▶ **WHAT TO PRODUCE**: Restate word for word all of the lines below, with each image left out.

▶ **INFORMATION PROVIDED**:
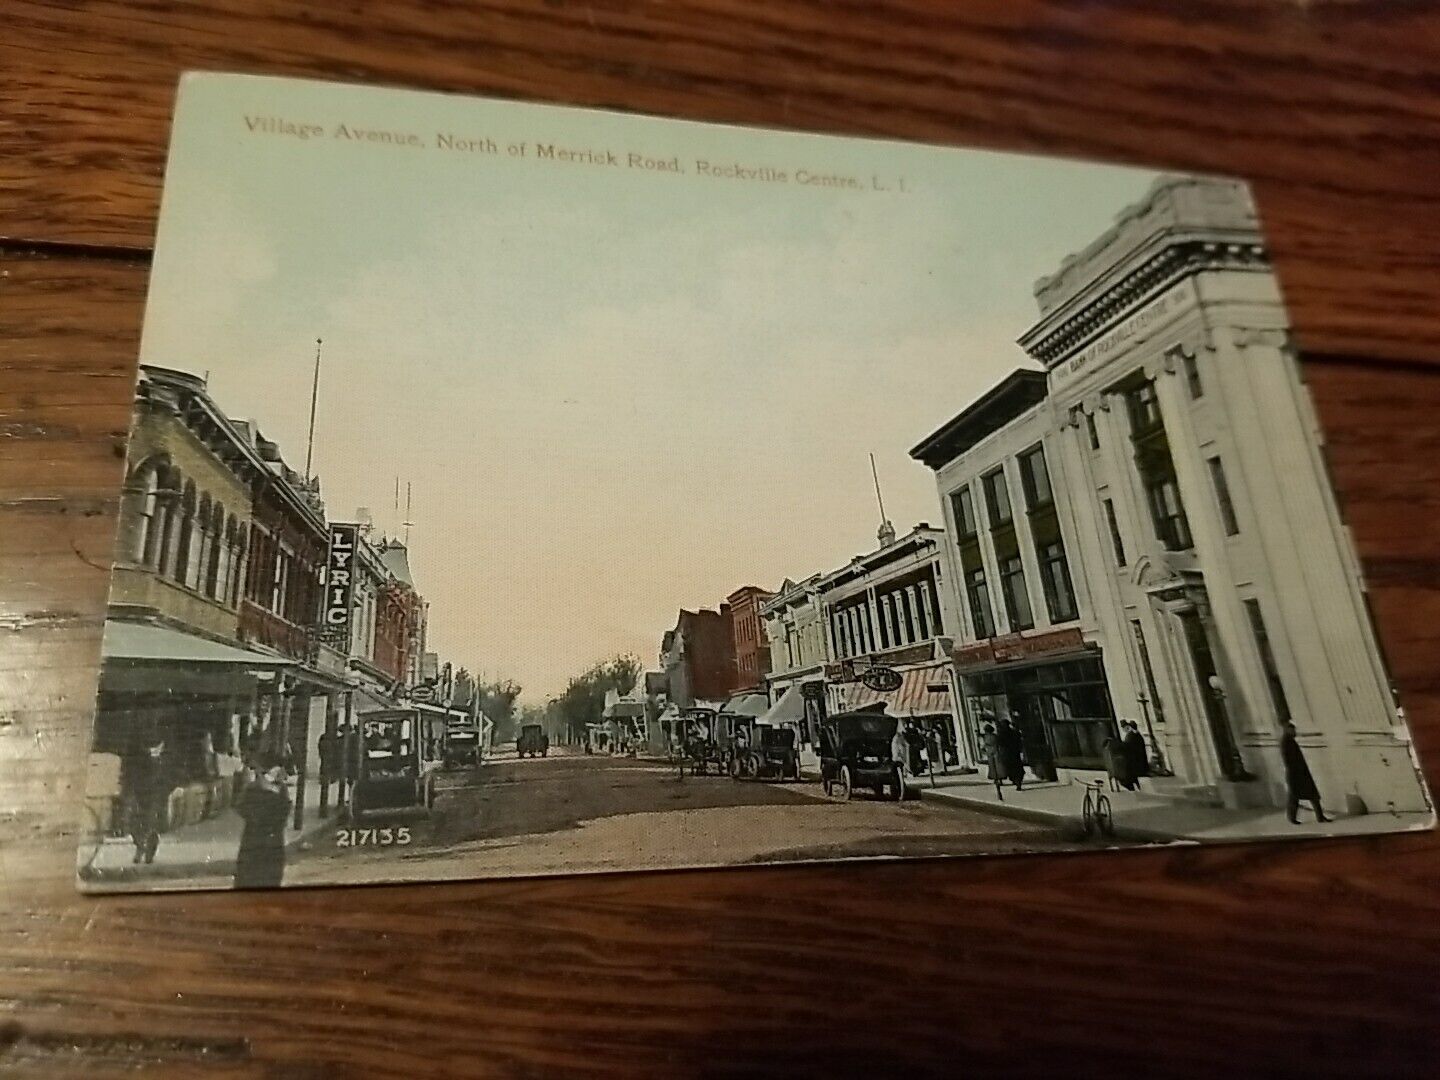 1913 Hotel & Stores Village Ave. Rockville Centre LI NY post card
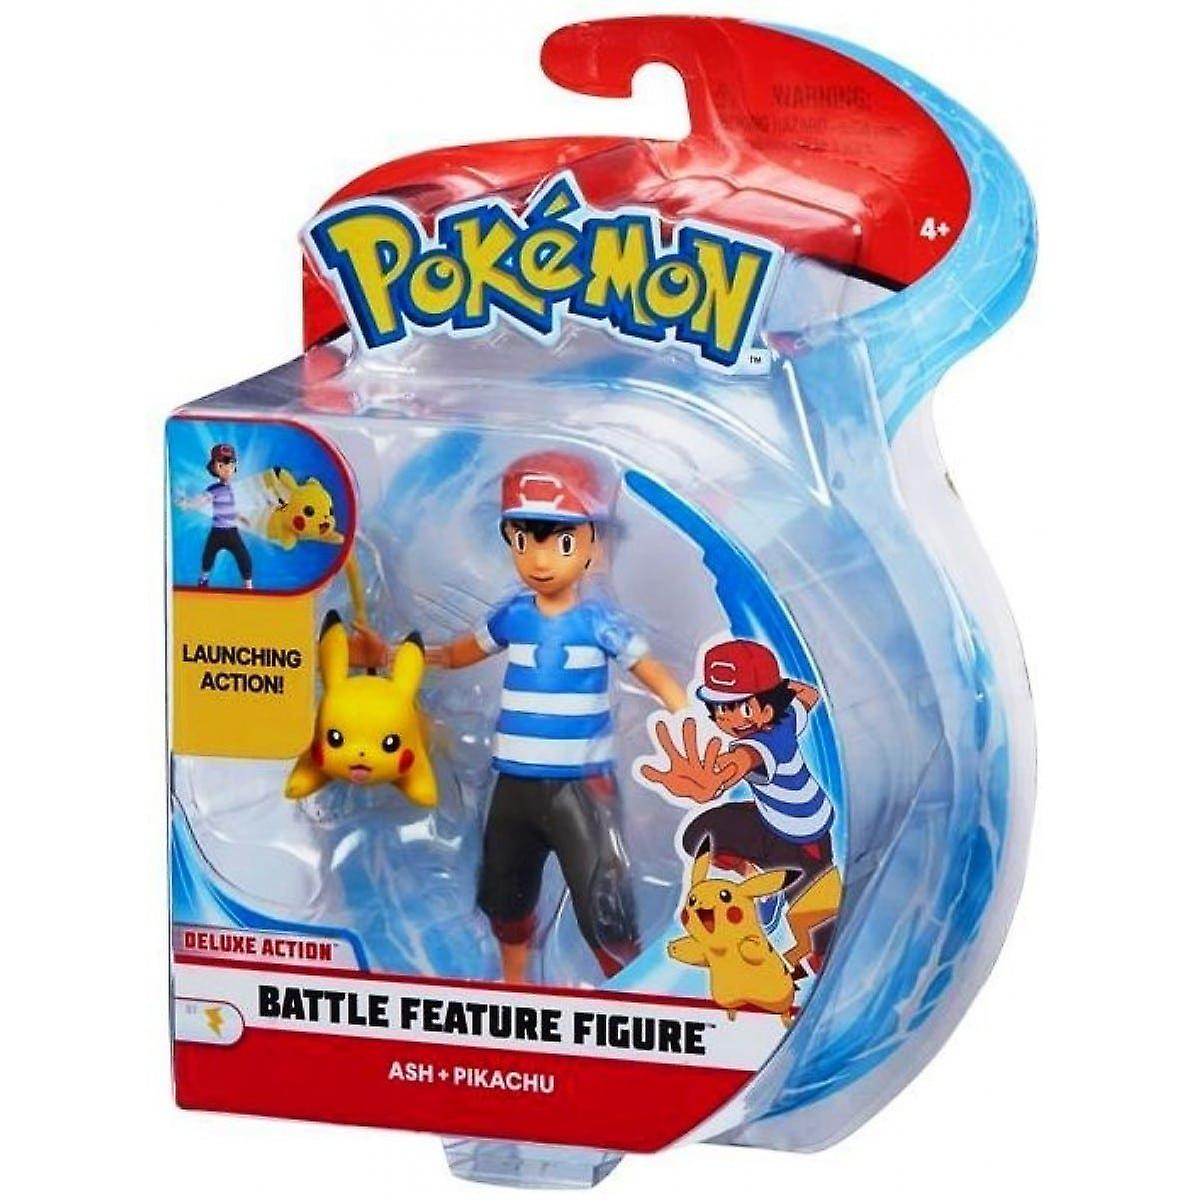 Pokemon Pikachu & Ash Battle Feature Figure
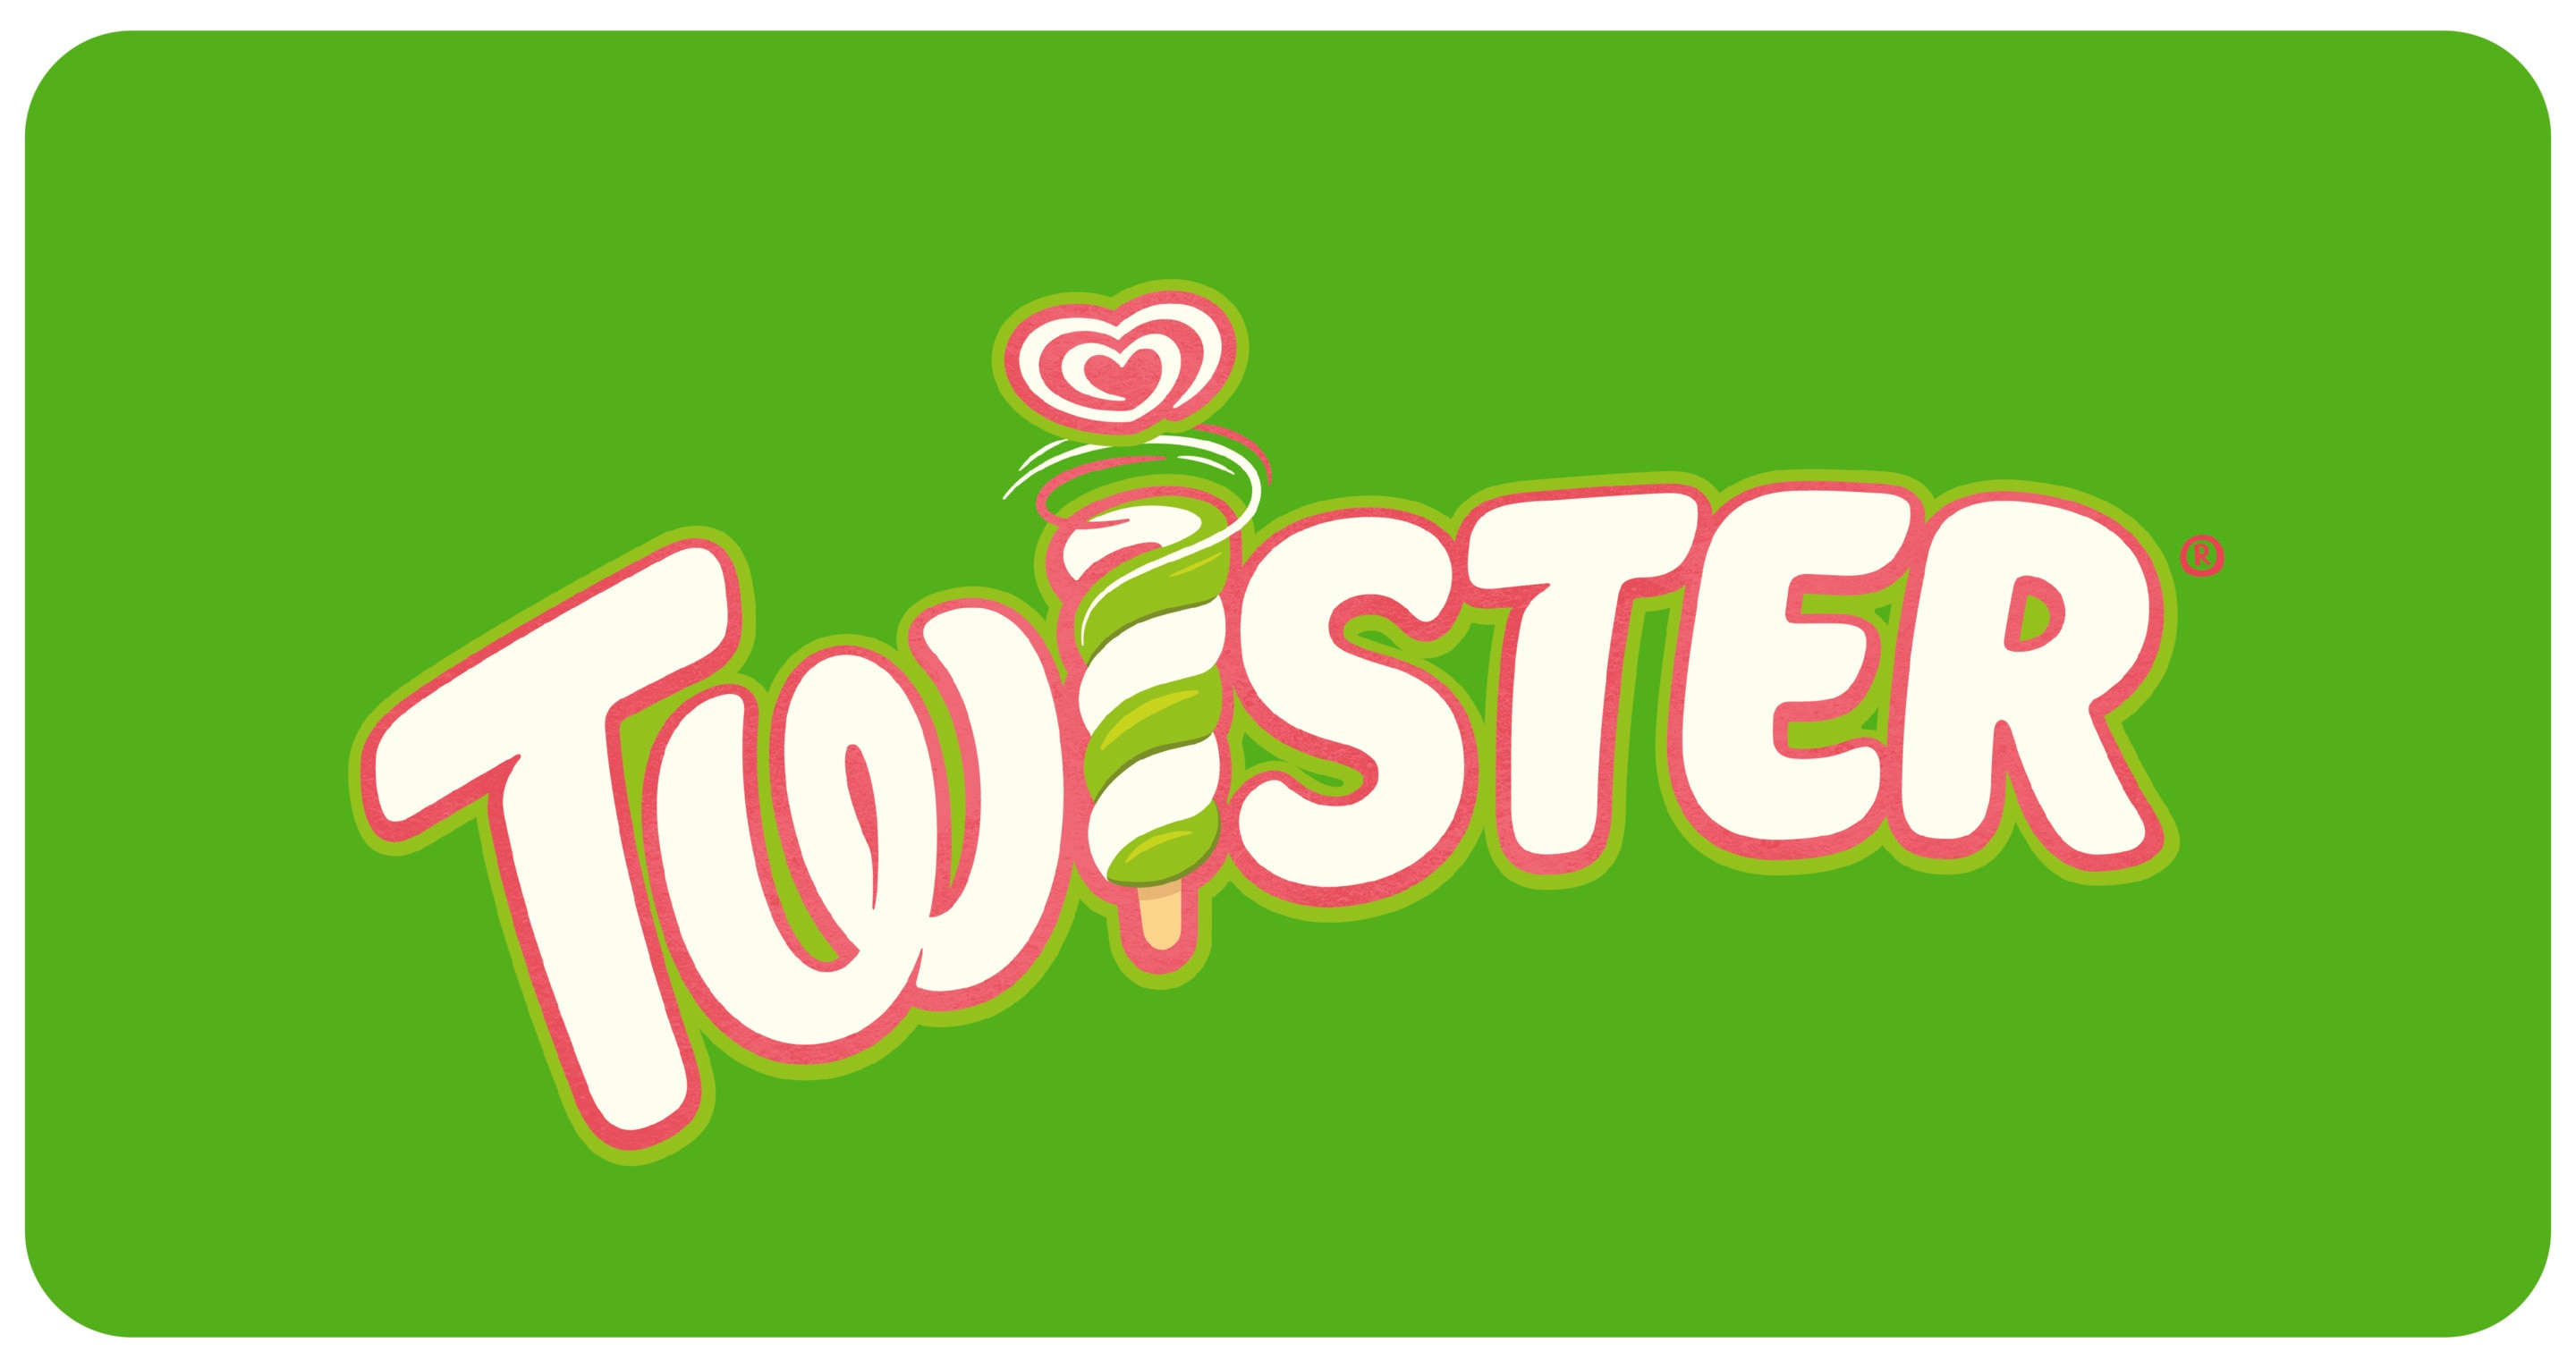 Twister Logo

▶ **SOLUTION FOR THIS TASK**:
 1913 Hotel & Stores Village Ave. Rockville Centre LI NY post card
 Pokemon Pikachu & Ash Battle Feature Figure
 Twister Logo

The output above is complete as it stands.